Quand l'art et la technologie ne se rencontrent pas…

Dans le passé, ce qui a permis aux artistes de se démarquer, c’était leur capacité à suivre de près l’évolution de leur époque, à créer des tendances et à intégrer des avancées philosophiques et technologiques dans leurs œuvres. N'était-ce pas cela qui a façonné les grands mouvements artistiques ? Par exemple, les lois de Newton ont trouvé leur écho dans l’art et la philosophie, influençant

Par Sırma Parman
Publié en Novembre 2024

Dans le passé, ce qui a permis aux artistes de se démarquer, c’était leur capacité à suivre de près l’évolution de leur époque, à créer des tendances et à intégrer des avancées philosophiques et technologiques dans leurs œuvres. N'était-ce pas cela qui a façonné les grands mouvements artistiques ? Par exemple, les lois de Newton ont trouvé leur écho dans l’art et la philosophie, influençant l'humanisme. Plus tard, la théorie quantique a eu des répercussions similaires. Pourtant, aujourd'hui, la rapidité avec laquelle la technologie évolue, notamment avec l'intelligence artificielle, semble à peine se refléter dans l'art contemporain.

Même si des artistes comme Refik Anadol connaissent une ascension fulgurante grâce à leur utilisation novatrice de la technologie, ils restent des exceptions. La majorité des artistes continue de privilégier des outils plus traditionnels. Cela s'explique en partie par des préoccupations éthiques. Certains créateurs voient l'intelligence artificielle comme une menace, comme l’a montré la polémique autour de l’utilisation de l’IA dans la conception d’affiches de films. Mais ici, il ne s'agit pas de céder l'art à l'IA. Il s'agit plutôt de se demander pourquoi tant d'artistes semblent ignorer des tendances comme l'analyse de données, le machine learning ou la visualisation de données.

Est-ce parce que leur formation ne leur donne pas les compétences nécessaires ? Les artistes formés de manière classique peuvent avoir du mal à s'adapter. Or, ceux issus de formations plus contemporaines, comme Anadol, y parviennent mieux.

À travers l’histoire, les artistes qui se sont détachés des nouvelles tendances ont souvent disparu. Ceux qui sont devenus les légendes de l'art moderne, comme Picasso, ont rapidement capté et intégré ces innovations. Pensez à son célèbre tableau Les Demoiselles dAvignon : chaque Demoiselle dans cette œuvre représente une période de l'histoire de l'art. Mais l'une d'elles, inspirée par un masque africain, anticipait l'avenir de l'art. Picasso, même en ne prédisant pas exactement l'impact de cette influence, montrait une ouverture aux nouveautés.

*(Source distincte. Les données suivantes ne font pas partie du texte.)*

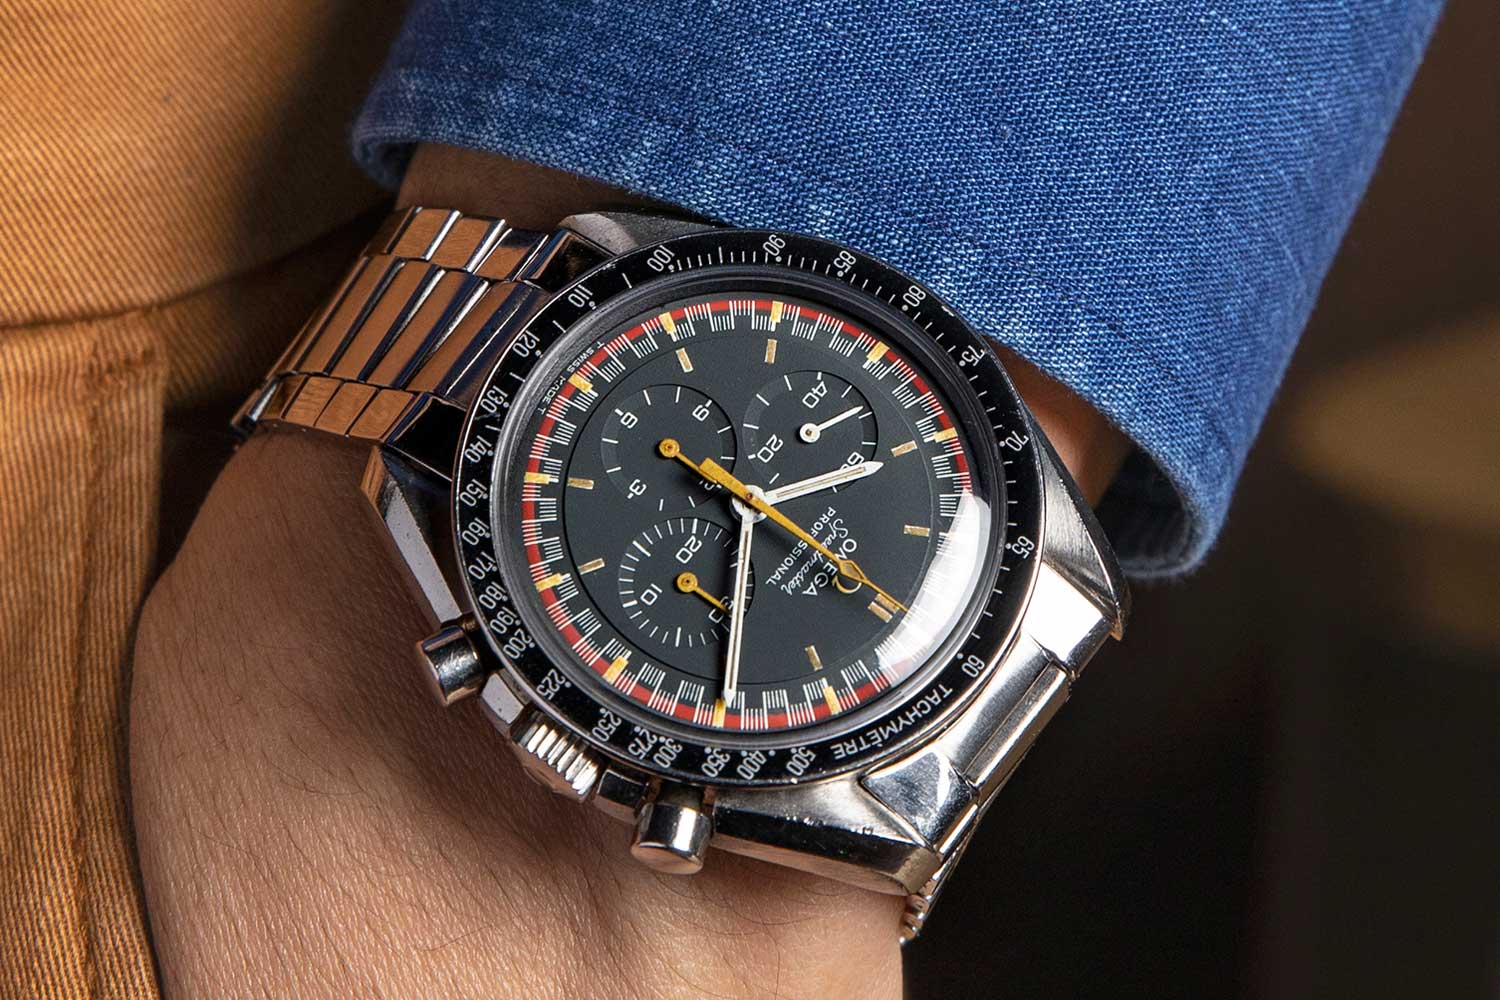 The Speedmaster Reference 145.022-69 with the Racing Dial and orange arrow-tipped central chrono hand (©Revolution)

C'est pourquoi il est surprenant de voir l’hésitation de nombreux artistes contemporains face à la technologie. Je m’étonne aussi du fait que beaucoup d’artistes femmes semblent suivre la voie de Tracey Emin, privilégiant des matériaux « féminins » comme le tissu, le fil et l’aiguille, pour exprimer la sensibilité féminine. Pourtant, les débats autour de l’identité féminine ont évolué, et il est possible d’aborder ces questions d’une manière beaucoup plus créative et contemporaine. Bien sûr, il y a des femmes artistes qui ne craignent pas la technologie, comme Sougwen Chung. Son travail explore la collaboration entre l'humain et la machine, redéfinissant ainsi le rôle de l’artiste dans un monde technologique.

Dans son essence, l’art contemporain se fonde sur des œuvres dotées de profondeur philosophique, sociologique et politique. Mais est-ce encore le cas aujourd'hui ? Si la technologie a un tel impact sur tous ces domaines, pourquoi ne pas la voir comme un élément à part entière de l'art ? Nous vivons tous déjà avec l'IA, que nous l'ayons voulu ou non, elle influence nos façons de faire.

La science évolue, les anciennes théories sont remplacées par de nouvelles, la technologie change et influence la philosophie et la manière de penser. Ces changements philosophiques stimulent d’abord l’art, la littérature, et le cinéma. Ils touchent ensuite le public à travers ces œuvres. Prenons la théorie quantique : ce n’est pas par les scientifiques que le grand public l’a découverte, mais grâce aux artistes et aux philosophes qui ont traduit ces concepts en œuvres accessibles. Mais aujourd'hui, cette chaîne de transmission semble rompue.